From the first line to the last, return the data exactly, with no pictures.

* **COLLECTED MATERIAL**
=====

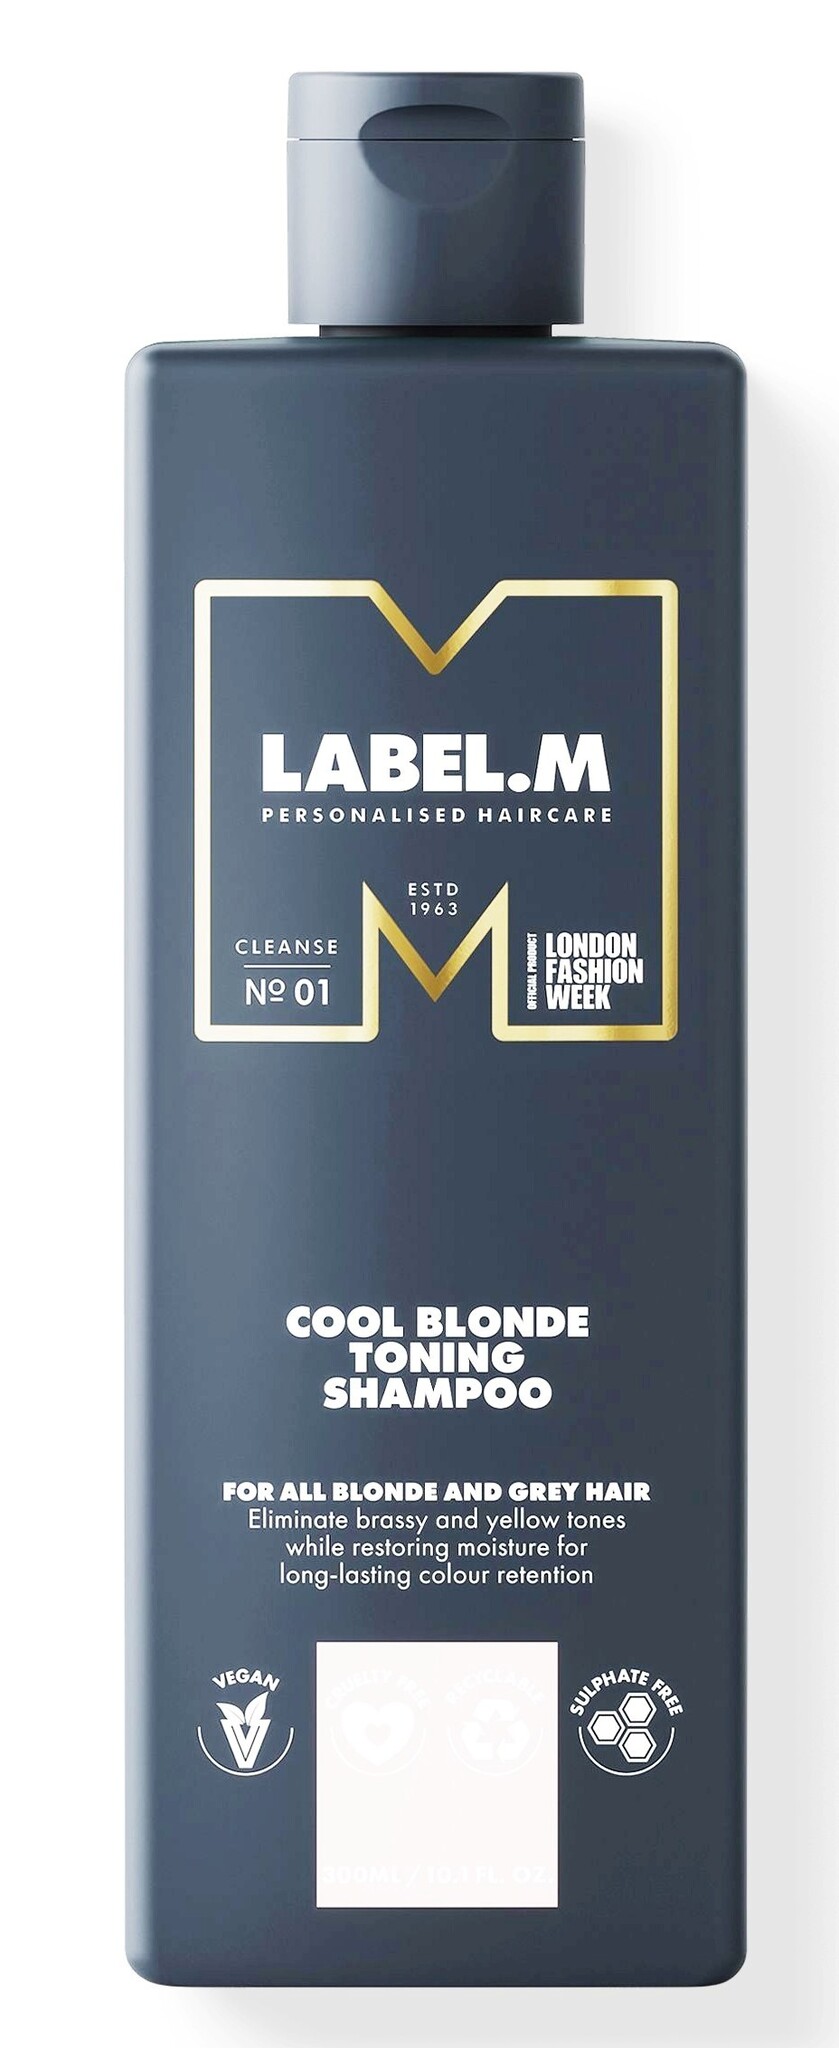 Label.m Cool Blonde Toning Shampoo 300ml
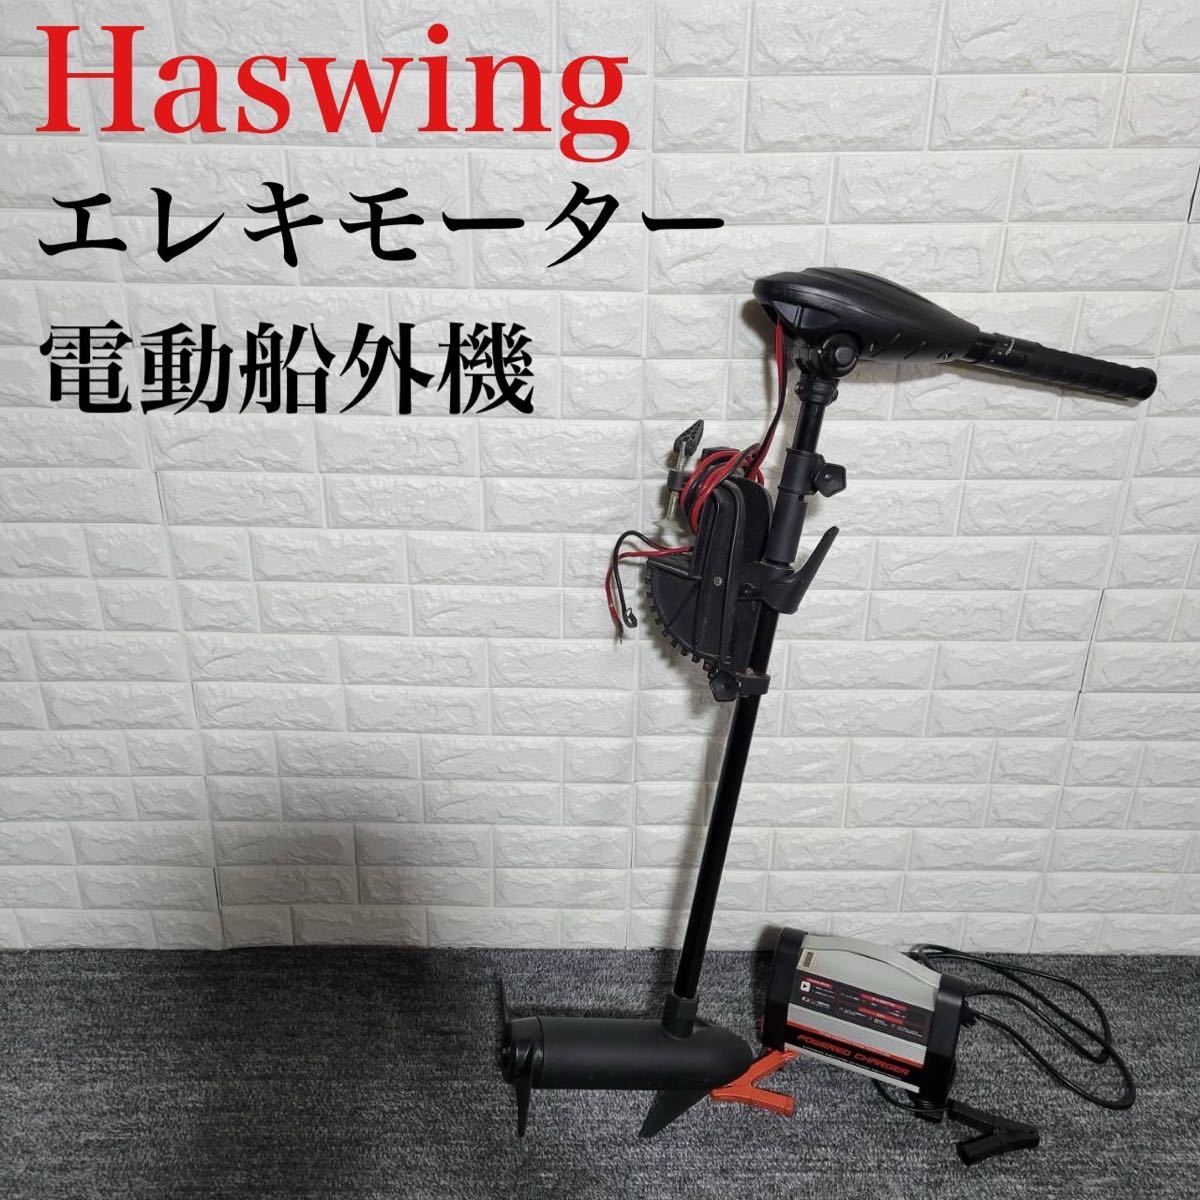 Haswing 電動船外機 エレキモーター PG-PP-SMC1204 M0674
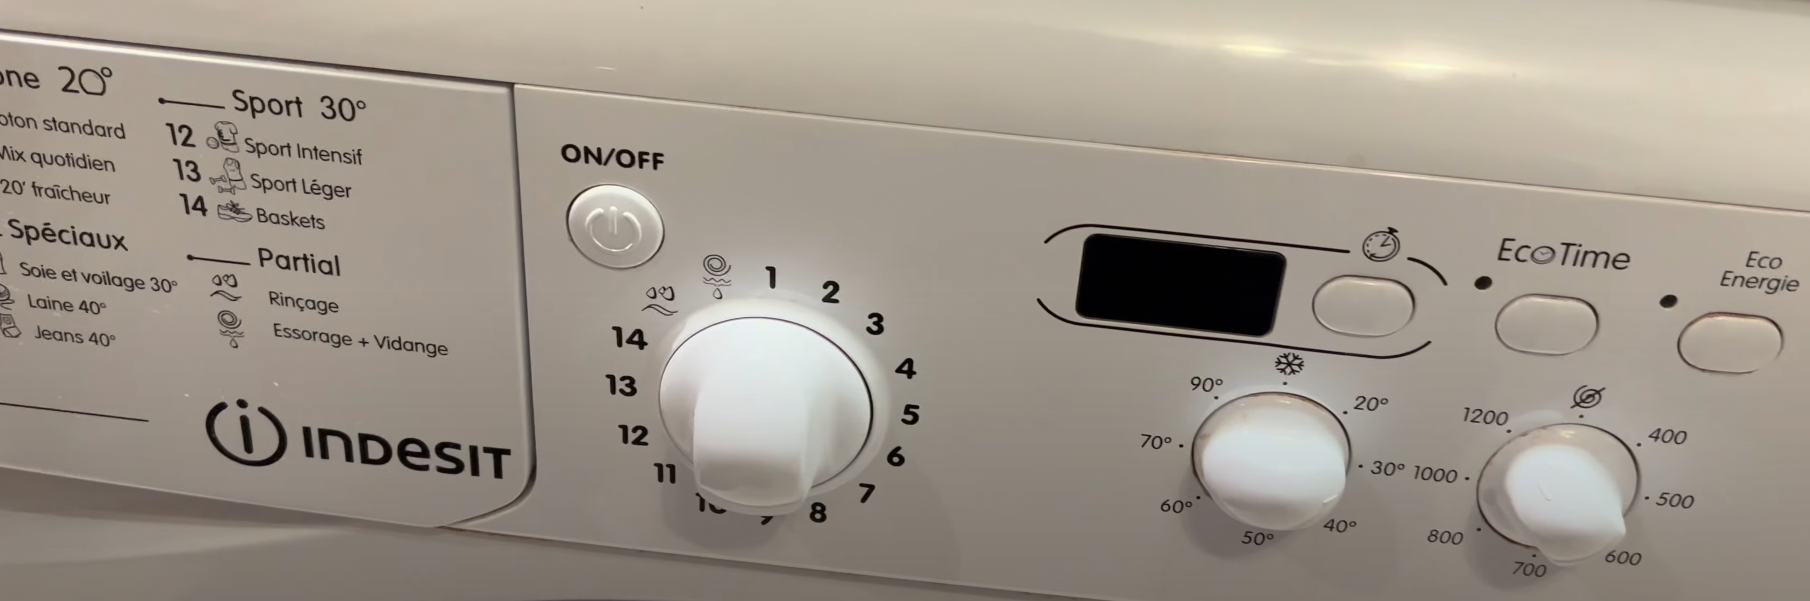 Indesit Washing Machine with control panel

=====

* **PROBLEM SOLUTION**
 Label.m Cool Blonde Toning Shampoo 300ml
 Haswing 電動船外機 エレキモーター PG-PP-SMC1204 M0674
 Indesit Washing Machine with control panel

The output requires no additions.